Introduction
Being prepared for emergencies is not a new concept. At every level of government there are contingency plans for natural disasters, accidental catastrophes, local events and personal emergencies of every conceivable manner. Organizations from the Red Cross to the Federal Emergency Management Agency to hospital emergency departments are in a constant state of readiness. Often, regionally specific plans are in place based on expectations of particular kinds of disasters: earthquakes in the West, hurricanes on the East Coast, tornados in the Midwest. In fact, long before 9/11, even terrorism had been on the minds of at least a handful of stalwart preparedness experts – mostly in the military and in special governmental agencies (Benjamin & Simon, 2002; Stern, 2003; Clarke, 2004).

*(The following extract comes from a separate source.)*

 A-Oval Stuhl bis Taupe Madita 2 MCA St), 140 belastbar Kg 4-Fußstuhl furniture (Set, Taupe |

Yet the attacks of 9/11 on New York City, Washington, DC, the downing of a hijacked passenger airliner in Pennsylvania and the many events that followed have radically changed our perceptions and expectations of what it means to be prepared for emergencies. The USA can be seen as undergoing a societal and political transformation of major proportions, similar in many ways to the Great Depression or the Japanese attack on Pearl Harbor, as two examples of transformational events of the last century.

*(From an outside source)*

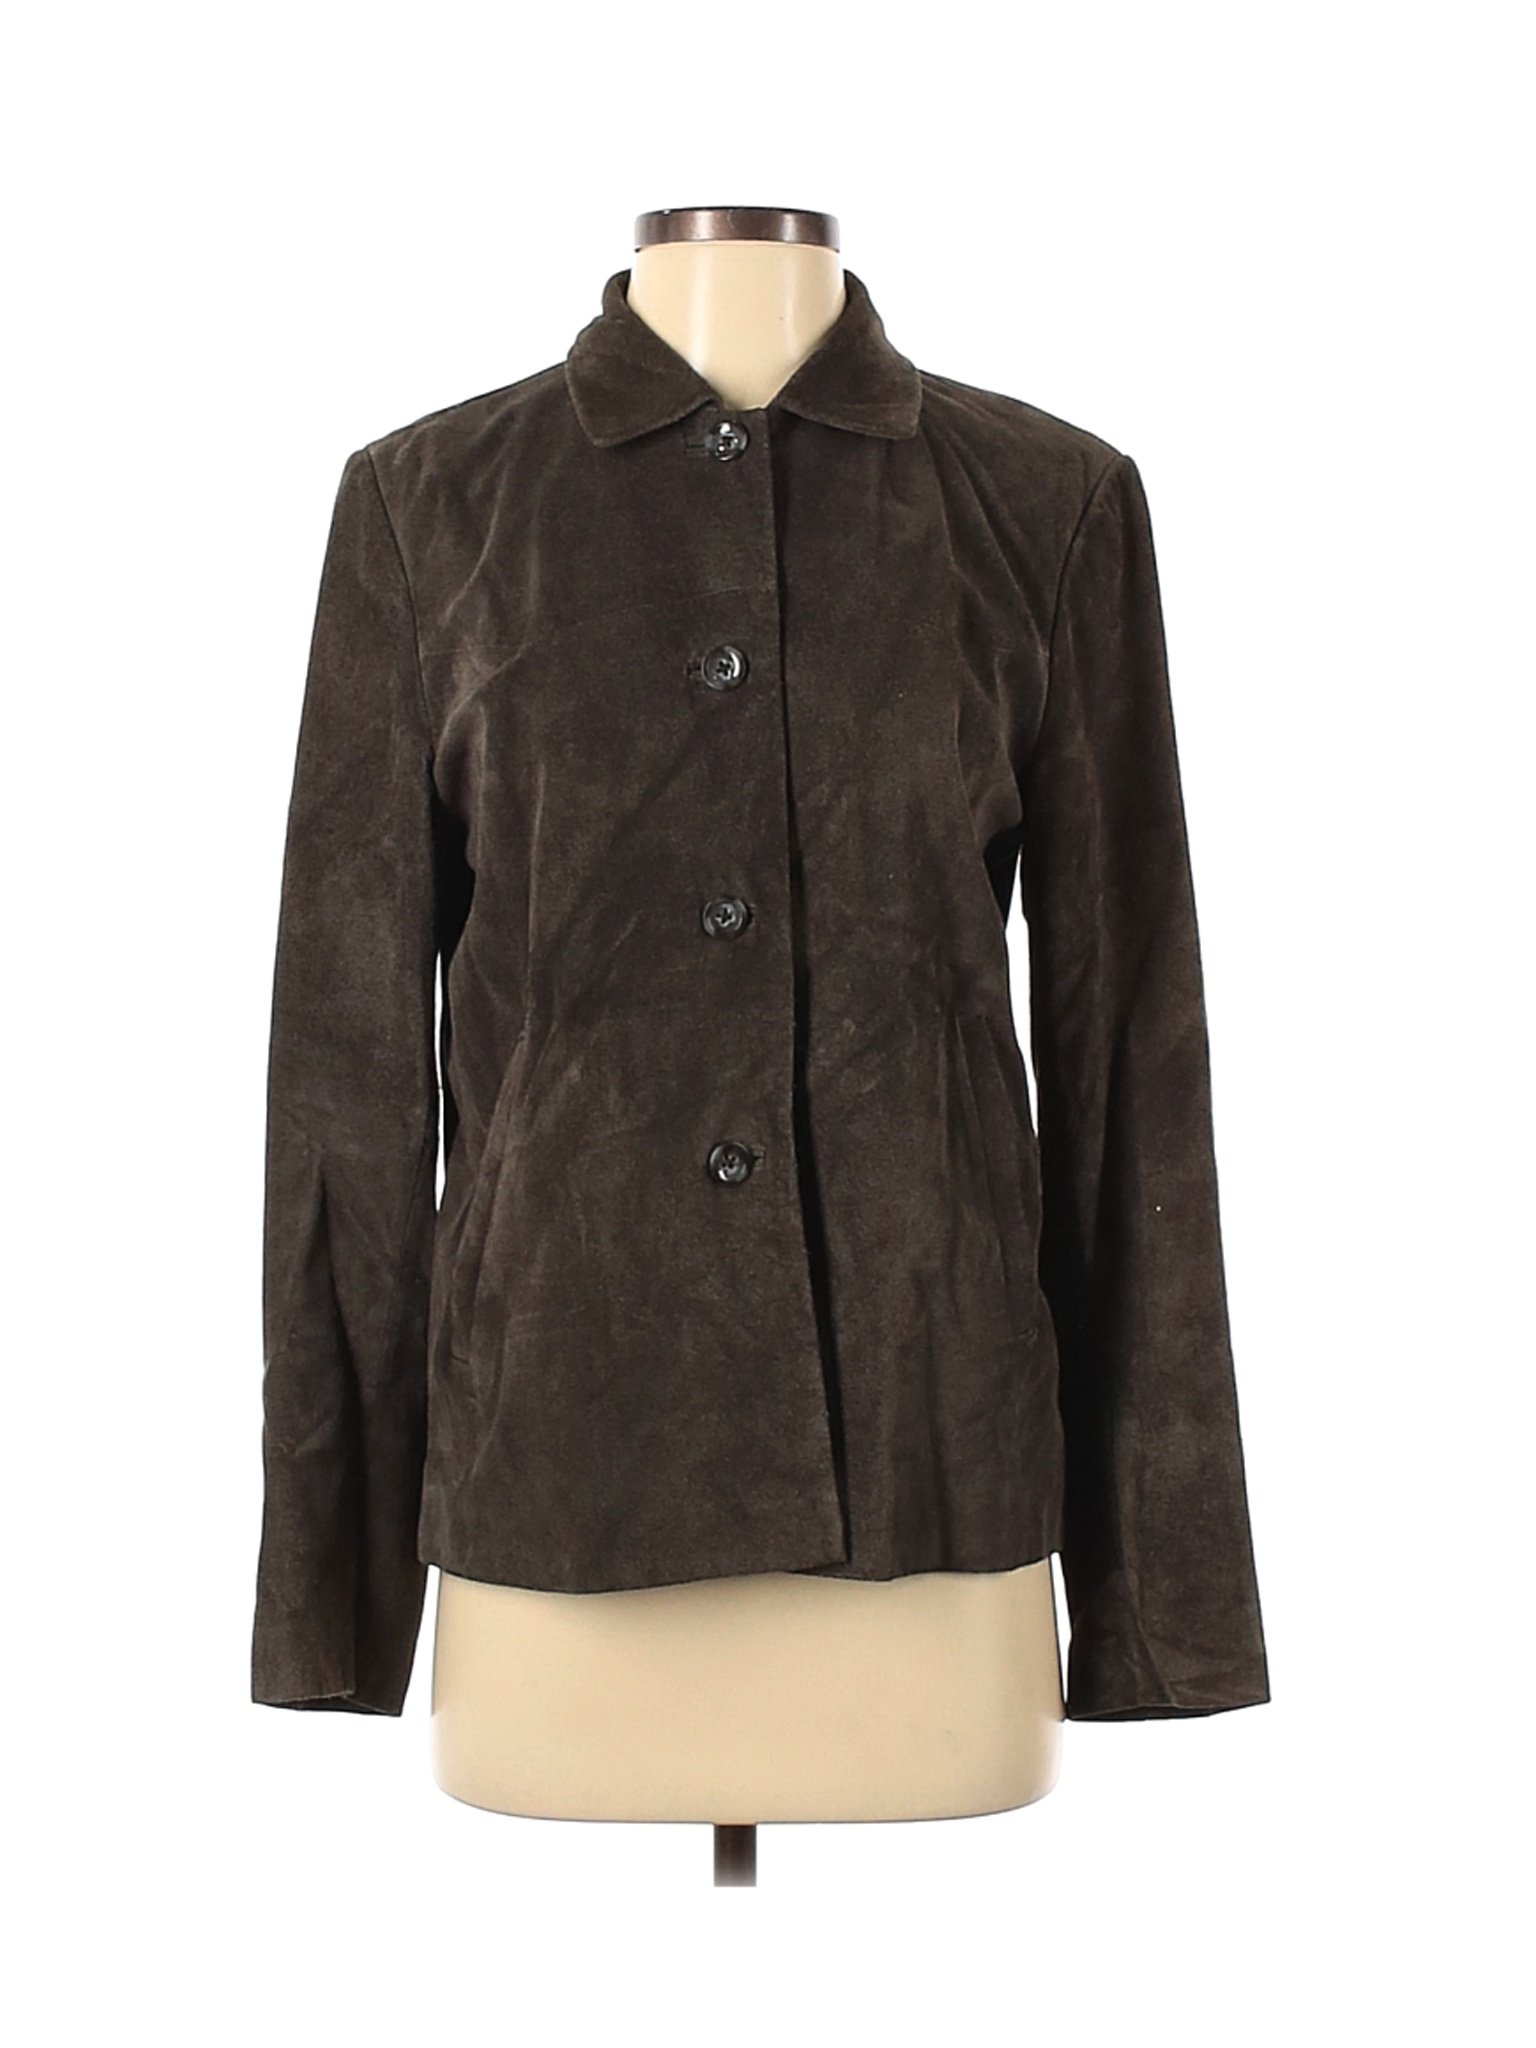 Banana Republic Women Brown Leather Jacket S | eBay

And, as if to emphasize this transformation, the terrible events of 9/11 were followed by other tragedies, marking just the beginning of a series of traumatic experiences that have, collectively, affected the nation in a profound, multi-dimensional way. Hard on the heels of the 9/11 attacks, in the fall of and into the Winter of 2001, we confronted the still unexplained anthrax attacks, followed by sniper shootings in the Washington,DC region, and then the prospect of needing to vaccinate the entire country against smallpox terrorism?